Let $P $ be the intersection of $AC $ and $BD $ in isosceles trapezoid  $ABCD $ ($AB\parallel CD$ , $BC=AD $) . The circumcircle of triangle $ABP $ inersects $BC $ for the second time at $X $. Point $Y $ lies on $AX $ such that $DY\parallel BC $. Prove that $\hat {YDA} =2.\hat {YCA} $.

Let $n$ be odd natural number and $x_1,x_2,\cdots,x_n$ be pairwise distinct numbers. Prove that someone can divide the difference of these number into two sets with equal sum. ( $X=\{\mid x_i-x_j \mid | i<j\}$ )

Let $a>k$ be natural numbers and $r_1<r_2<\dots r_n,s_1<s_2<\dots <s_n$ be sequences of natural numbers such that: $(a^{r_1}+k)(a^{r_2}+k)\dots (a^{r_n}+k)=(a^{s_1}+k)(a^{s_2}+k)\dots (a^{s_n}+k)$ Prove that these sequences are equal.

Find all functions $f:\Bbb {R} \rightarrow \Bbb {R} $ such that: $$f(x+y)f(x^2-xy+y^2)=x^3+y^3$$for all reals $x, y $.

Lamps of the hall switch by only five keys. Every key is connected to one or more lamp(s). By switching every key, all connected lamps will be switched too. We know that no two keys have same set of connected lamps with each other. At first all of the lamps are off. Prove that someone can switch just three keys to turn at least two lamps on.

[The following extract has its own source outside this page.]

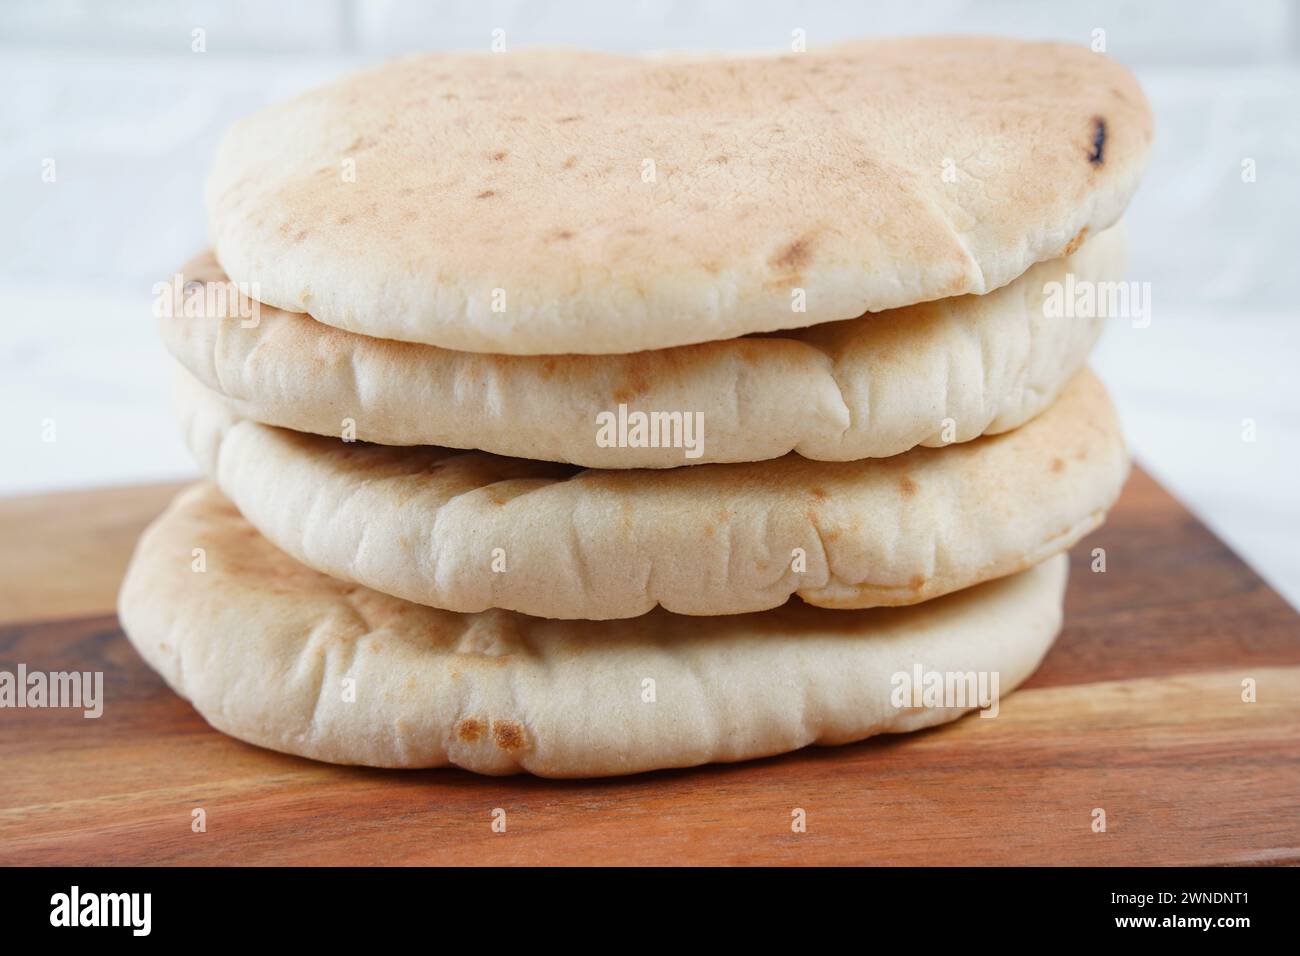 A stack of Pita bread(flat bread) on wooden board Stock Photo

Two circles $\omega_1,\omega_2$ intersect at $P,Q $. An arbitrary line passing through $P $ intersects $\omega_1 , \omega_2$ at $A,B $ respectively. Another line parallel to $AB $ intersects $\omega_1$ at $D,F $ and $\omega_2$ at $E,C $ such that $E,F $ lie between $C,D $.Let $X\equiv AD\cap BE $ and $Y\equiv BC\cap AF $. Let $R $ be the reflection of $P $ about $CD$. Prove that: a. $R $ lies on $XY $. b. PR is the bisector of $\hat {XPY}$.